The other effect of a centralized near-real-time system is that it can coordinate transaction rollbacks across shards. Split and Combine operations each consist of two different data table processor calls, potentially to two different shards. As such, if one shard fails to memorialize the operation after the first call was successfully made, the operation must be rolled back on the first shard. This is normally coordinated by the front-end processor, but there is a chance that system could also fail at the exact moment it was necessary to do so (indeed, if a front-end processor fails, there is a high chance that it would fail in between the two calls to the data table processor since this is an IO wait state). Because of this, part of the near-real-time system's job is to ensure that transactions always come in pairs, and if they don't, it will roll back the operation as necessary to maintain system integrity.
Haypenny's offline systems include a data warehouse-style database that holds an (encrypted) copy of all transactions, blocks, and all other metadata of the system for use for offline processing. This system is connected to applications that perform auditing of transactions (and allow external auditors to do the same), analysis of the system's usage for system management purposes*, and other analysis related to the running of the service, such as editorial control over metadata.
The offline system realm also includes the final storage location for the transaction log, which is in a Write Once Read Many (WORM) storage mechanism that complies with FINRA 4511, and SEC 17a-4(f). All transactions are written to this medium within approximately 30 seconds of their execution on the real-time systems.
(*Currently, over 40 different application-level metrics are gathered from each Front-end Processor every 10 seconds and this data is sent to the data warehouse).
The management of a system of this kind (with potentially hundreds of server nodes) must necessarily be fully automated, and for the Haypenny system that system is called "HayMan".
HayMan is a management console and supporting servers that allows system personnel to manage every aspect of the Haypenny system, such as deploying new versions of subsystem software, starting and stopping processing pools, troubleshooting issues for each process, and viewing statistics for each relevant process. This automation allows the deployment of an entire subsystem pool with a single click, for instance.
The Haypenny system requires a secure, robust and scalable hardware and networking infrastructure. Haypenny chose Amazon Web Services (AWS) as its infrastructure provider after carefully considering the alternatives. The winning factors for the AWS decision included:
The Haypenny transaction system consists of two write operations through a total of three APIs.
The transaction write operations are Split and Combine. These two operations are conceptual mirrors of each other.
The Split operation takes an existing block and an (optional) amount as input and returns a new block.
The Combine operation takes an existing block and another block (the "combine block"), along with an (optional) unit amount:
The Haypenny API uses a REST API and the returned values are in JSON format.
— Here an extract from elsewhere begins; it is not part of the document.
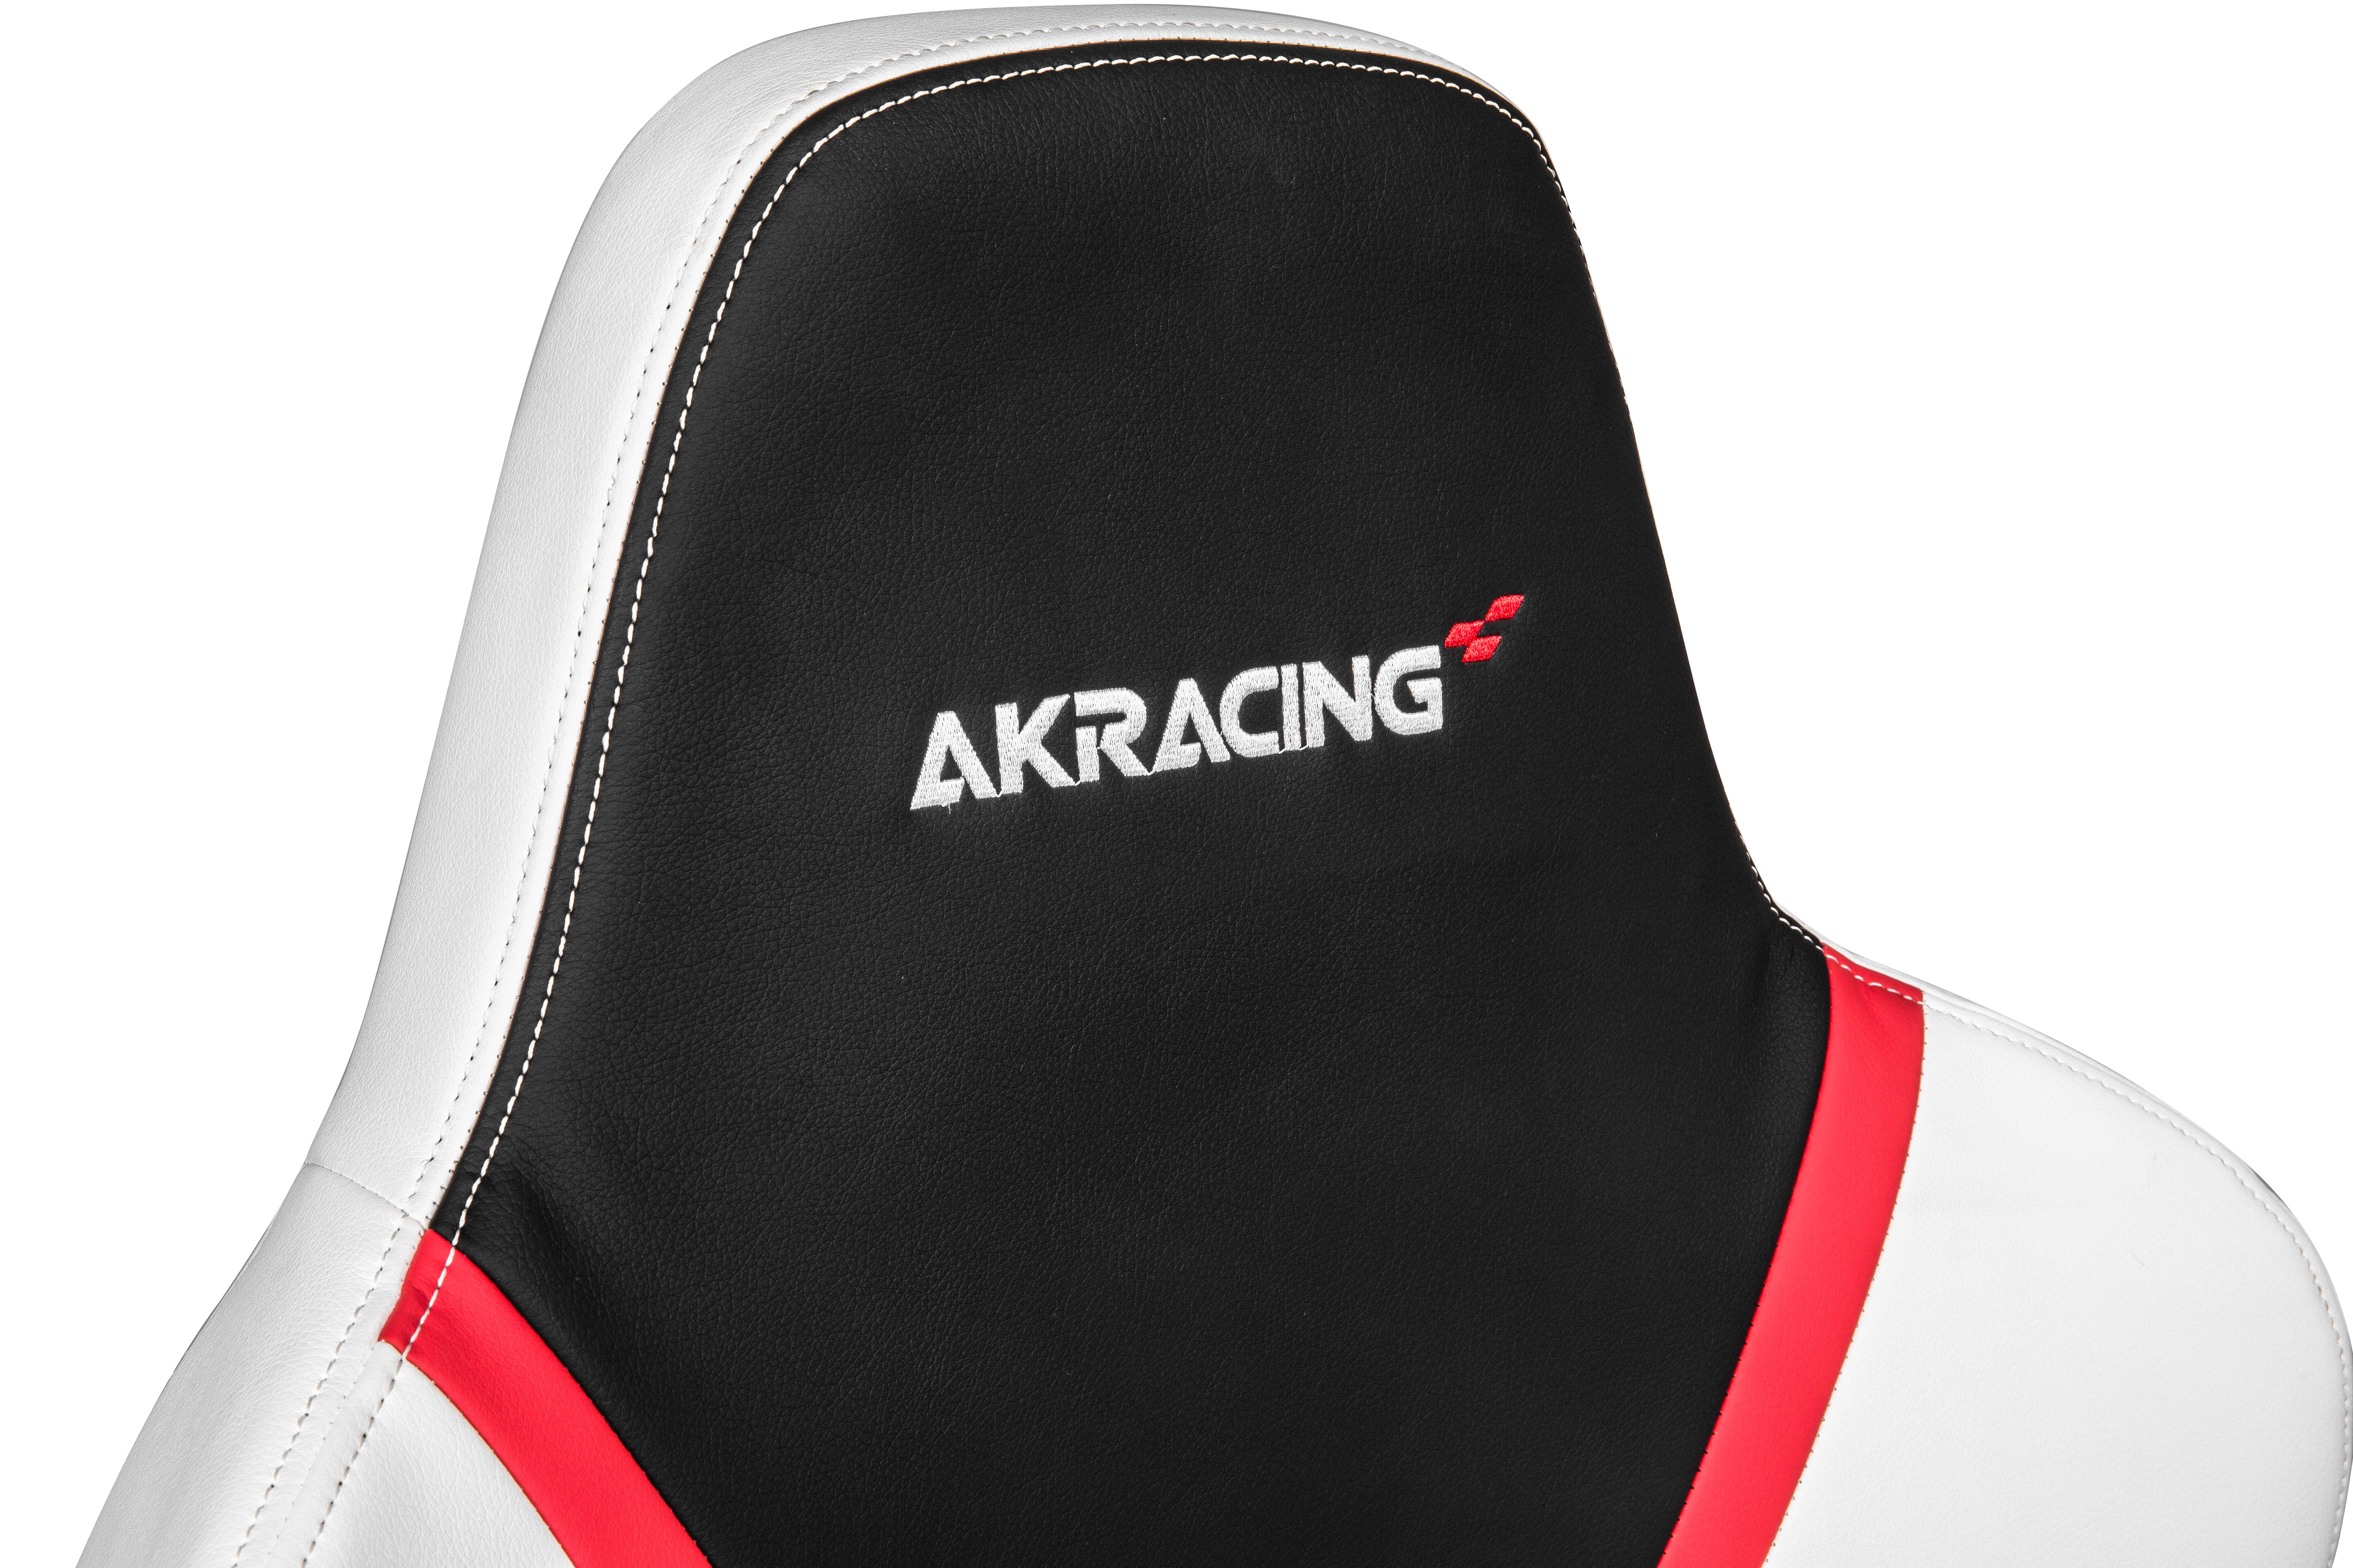 AKRACING Premium Arctica Gamingstuhl, weiß/schwarz/rot

The calls consist of the following:
The system includes a concept called a "IBlock" which is short for "Info Block". An Info Block is a 44 character string provided automatically every time the tx.Info API call is made for a Block. That string can be used in subsequent tx.Info calls instead of the normal block string (with the "iblock" parameter instead of the block parameter), and the call will return the same block information as if it were called with the original block string.
This mechanism is useful to securely verify the balance of a block by a third party, or to securely allow a Combine operation into a block, e.g. for a client-side-only payment.
The Haypenny paradigm treats Block identifiers as the equivalent of physical cash and thus the system's security profile must be at the level of businesses dealing with large amounts of cash, which is to say that the system must maintain an extremely diligent level of threat detection and mitigation.
The Haypenny approach to creating a secure system for customers is fivefold:
Haypenny starts its approach to securing its systems at the enterprise level, and will adhere to standards appropriate to financial institutions and select only contracted systems (viz. Amazon AWS) that adhere to these standards as well.
These standards call for, among other things:
Amazon AWS, Haypenny's cloud computing provider, itself adheres to these standards and hosts a number of prominent financial institutions who have certification for these standards.
Block IDs (exposed externally as a "block string") are stored in Haypenny's system in an encrypted state using an industry standard encryption method (AES). This means Haypenny personnel never see "live" Block IDs.
Periodically (on the order of once per day), various forms of analysis are performed on Haypenny offline systems analyzing all system transactions and balances as a whole. This analysis allows the detection of many forms of DDOS attacks, and attempts to use the system fraudulently or inappropriately, as well as providing a mechanism to double-check all transactions and block balances.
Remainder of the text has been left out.